Unless otherwise stated, the term "arylalkyl" or "aryl-alkyl" refers to an aryl moiety attached to an alkyl moiety.
The terms "halogen" and "halo" as used herein refer to fluorine, chlorine, bromine and iodine unless otherwise stated.
Unless otherwise stated, the term "heteroalkyl" refers to an alkyl moiety (e.g., straight-chain, branched-chain, or cyclic) in which at least one of its carbon atoms is replaced with a heteroatom (e.g., N, O or S).
Unless otherwise stated, the term "heteroaryl" refers to an aryl moiety in which at least one of its carbon atoms is replaced with a heteroatom (e.g., N, O or S).
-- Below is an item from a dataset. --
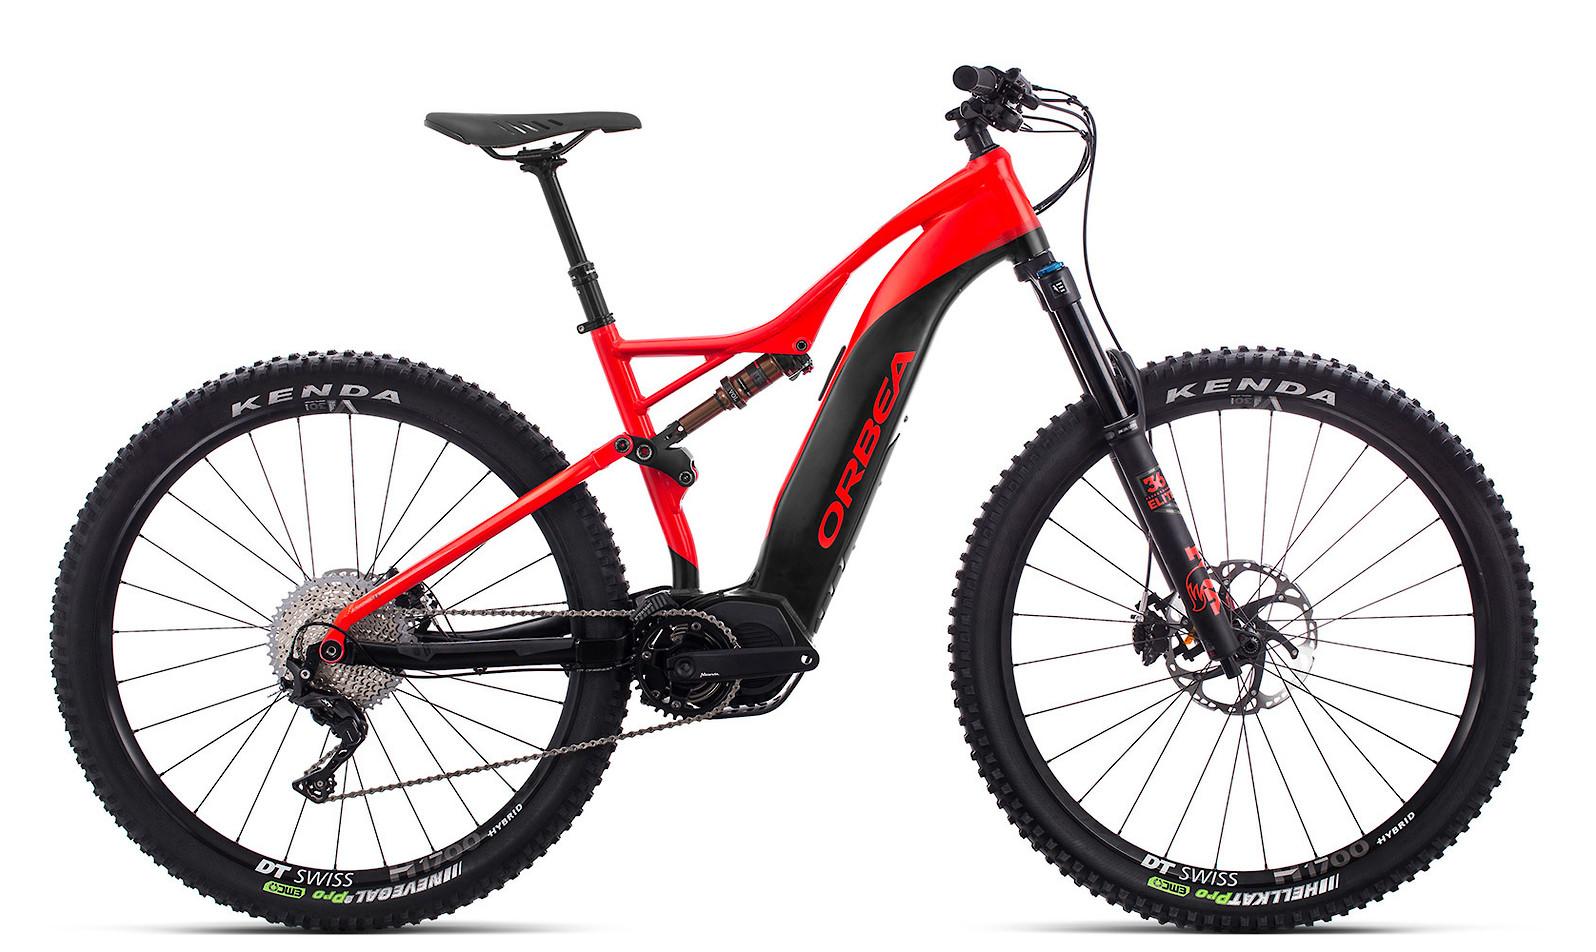 2019 Orbea Wild FS 150 20 29S E-Bike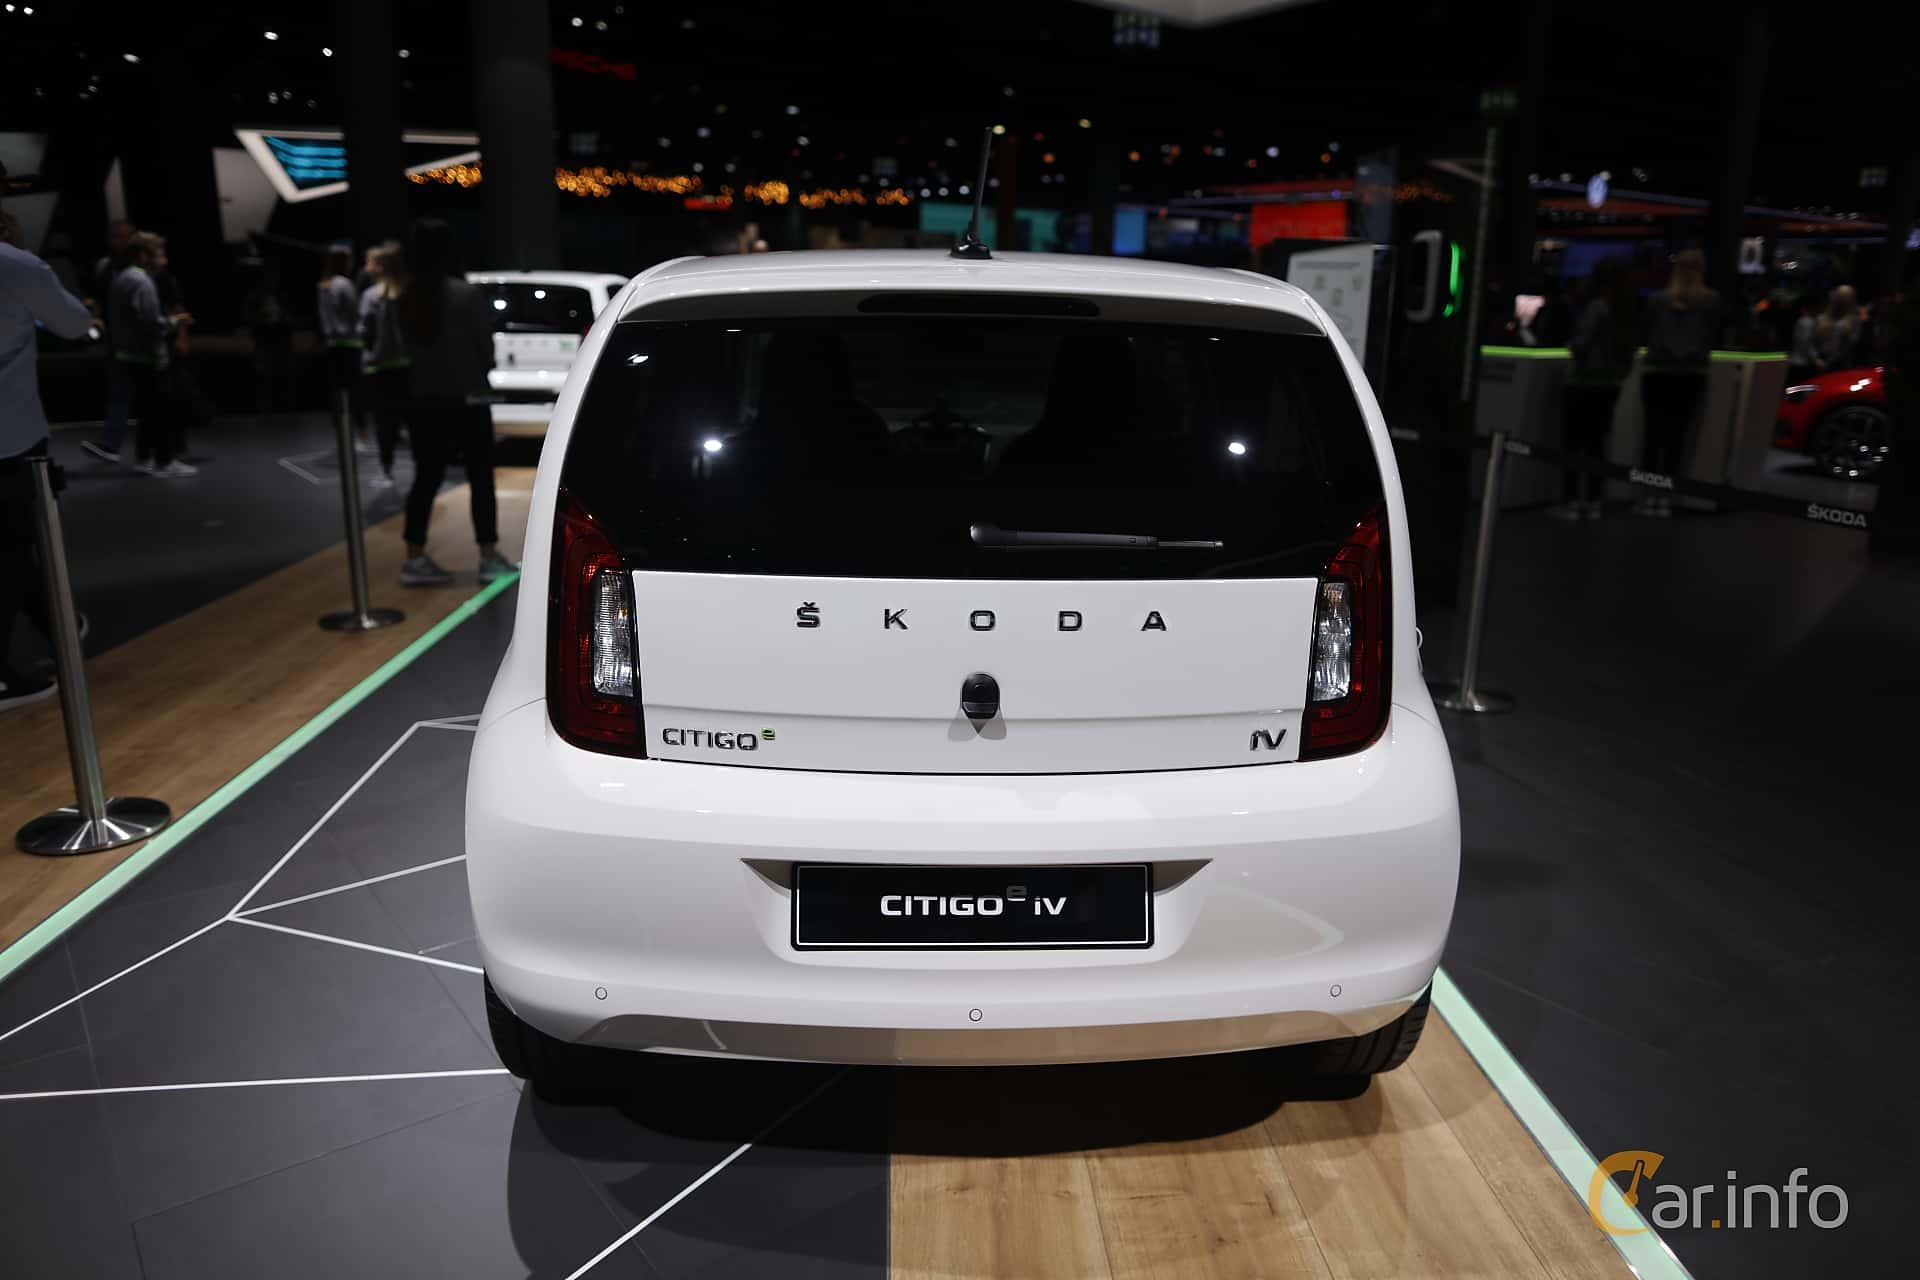 Skoda Citigo iV 36.8 kWh Single Speed, 83hp, 2020 at IAA 2019

Examples include acridinyl, benzimidazolyl, benzofuranyl, benzisothiazolyl, benzisoxazolylAzolyl, benzoquinazolinyl, benzothiazolyl, benzoAzolyl, furyl, imidazolyl, indolyl, isothiazolylAzolyl radical, isoThe group of azolyl groups,(ii) a diazolyl group,oxazolyl, phthalazinyl, pyrazinyl, pyrazolyl, pyridazinyl, pyridyl, pyrimidinyl, pyrrolyl, quinazolinyl, quinolinyl, tetrazolyl, thiazolyl and triazinyl.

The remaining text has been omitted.